Combat, too, is akin to the elegant strokes of bristles on parchment,
smoothly interweaving Amaterasu’s lightning-quick attacks with swipes of
the Celestial Brush, a tool that allows for on-screen drawings to come
to life, aiding in both battle and puzzle-solving. A charming sequel, ÅŒkamiden,
was later released for the Nintendo DS, but its lack of lasting impact
proved the peerless original wasn’t in need of a second act. LeChevallier
20. Mass Effect 2 (2010)
The Mass Effect universe was too big to stay confined to one platform, and with Mass Effect 2,
Bioware finally let PlayStation 3 owners explore the galaxy on their
system of choice. Gamers will probably be divided forever about whether
this sequel streamlined or dumbed down the combat, but the appeal of the
Mass Effect series isn’t the fighting, it’s the world.
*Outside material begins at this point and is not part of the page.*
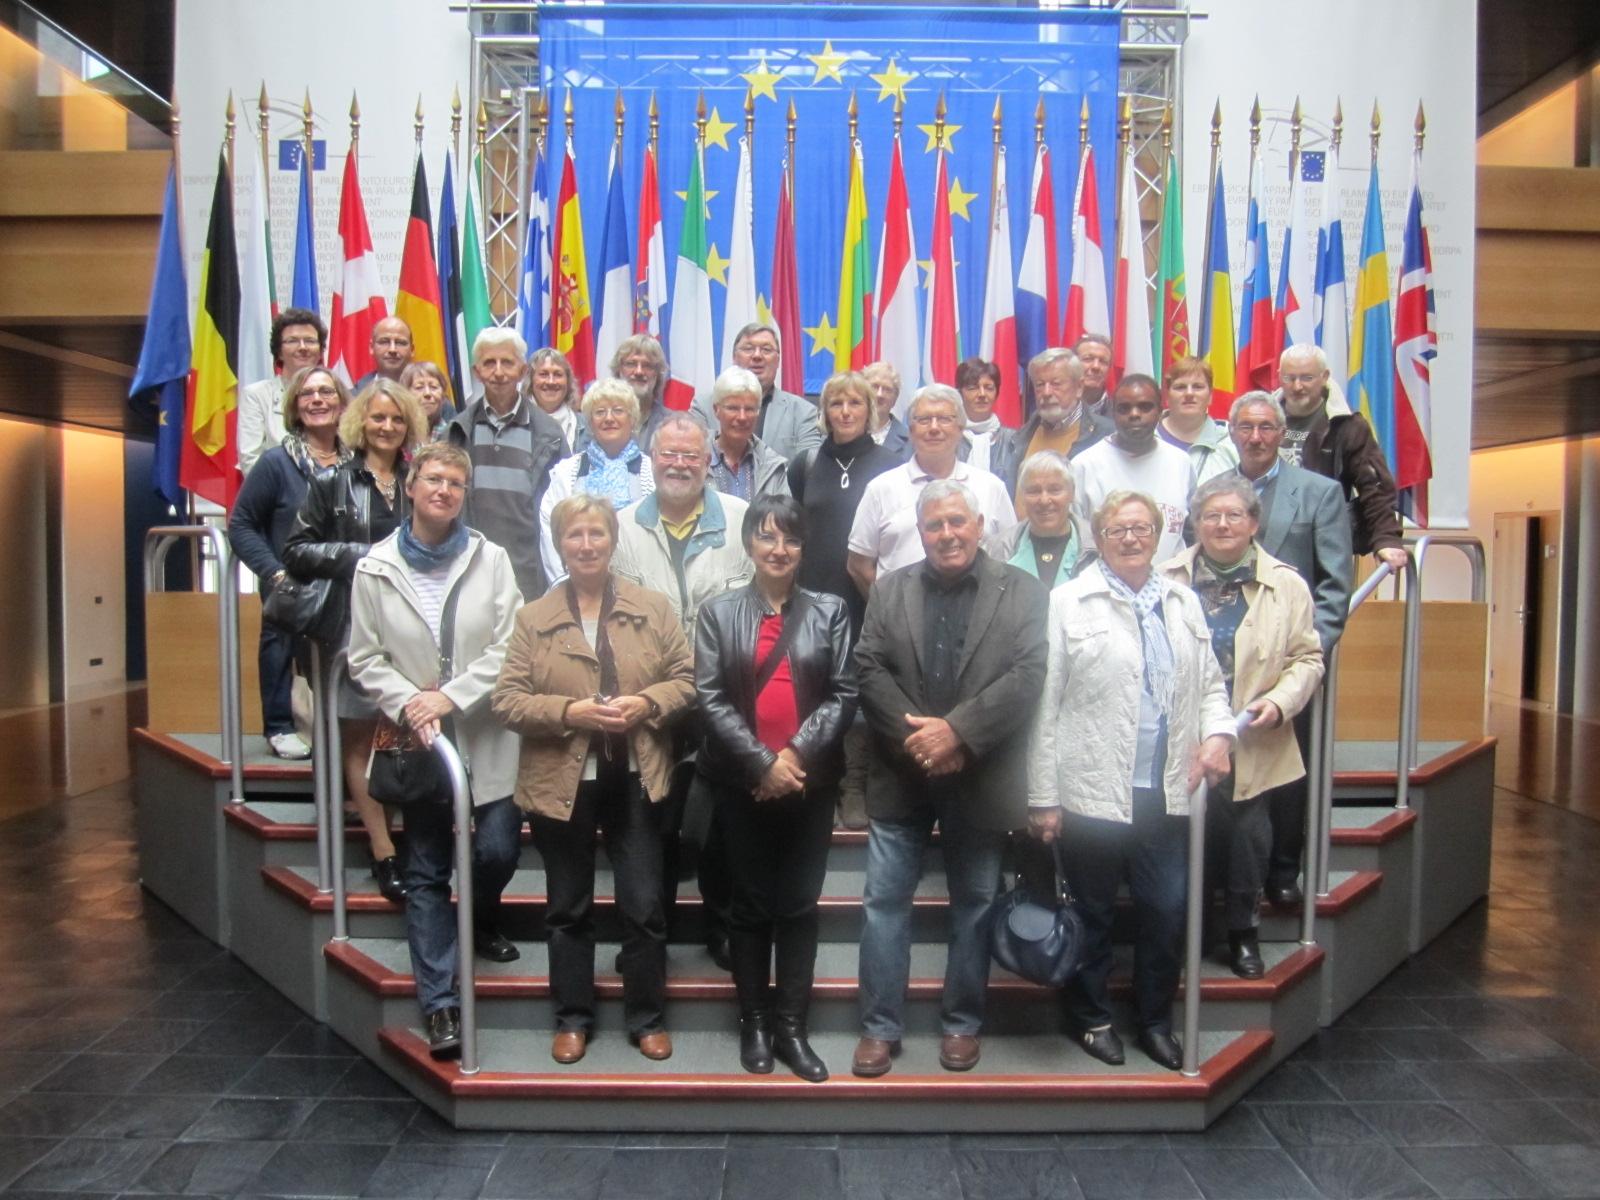 Gemeinsam nahmen die "Lillerois" und die Marsberger an einer zweisprachigen Führung durch das Europaparlament teil und bekamen somit einen interessanten Eindruck des pol. Geschehens in Straßburg.

Lots of design docs have concept art that seems straight out of OMNI magazine, but only Mass Effect 2
managed to implement that in-game, creating thousands of beautiful
planets with obsessively detailed backstories for everything on them.
Even more than the ambitious Elder Scrolls games, Mass Effect 2
realizes the potential of video games for executing the kind of rich
world-building that fantasy and sci-fi fans love, and very much unlike Elder Scrolls, they tell the story with acting, writing, and direction that you don’t have to apologize for. McKleinfeld
19. Planescape: Torment (1999)
The leads of most video games tend to come in two varieties:
pre-defined and blank slate. With its immortal protagonist The Nameless
One, Planescape: Torment goes for both. He awakens in a morgue
with no memory, and he soon learns this is par for the course; his many
past selves have left scars on the incredible, unorthodox world and on
the imaginative characters that have crossed his path. The game is about
learning who he’s been, as well as defining who he’ll be. It asks hard
questions about the nature of the self, and about whether it’s truly
possible to become a better person after so many transgressions. Though
nearly 20 years old, Planescape: Torment is still one of the
benchmarks by which we measure the quality of video-game writing, with a
level of choice and complexity that’s rarely equaled in any other RPG. Scaife
18. Final Fantasy VII (1997)
The death of Aeris Gainsborough heralded a new truth about the medium: Video games can make you cry. The sweep and thrust of Final Fantasy VII
engrossed as few adventures do, of course, but to be moved by the
emotional dimension of this story—to be invested in the lives and deaths
of Cloud Strife and his crew of AVALANCHE eco-terrorists, to feel
compelled to save this world as if it were your own—suggested the
beginnings of a new kind of video-game experience. Love and pain and
beauty are coursing through this thing. Action and adventure are at its
core. But emotion is its lifeblood. Marsh
17. Super Mario 64 (1996)
We didn’t have a template for 3D games until Nintendo conceived of one for us. Super Mario 64
was an architectural marvel designed and built without a blueprint: the
rolling open-world hills and sprawling primary-color vistas that seem
as familiar to gamers today as the world outside were dreamed up out of
nothing more than programmed paint and canvas. Shigeru Miyamoto was
given the unenviable task of contemporizing his studio’s longest-running
and most prominent franchise while remaining true to its 2D legacy. And
it’s a testament to the designer’s accomplishment here that, more than
20 years later, the result feels no less iconic than the original Super Mario Bros. Marsh
16. EarthBound (1994)
There has never been a game as irreverently comic and deceptively touching as EarthBound.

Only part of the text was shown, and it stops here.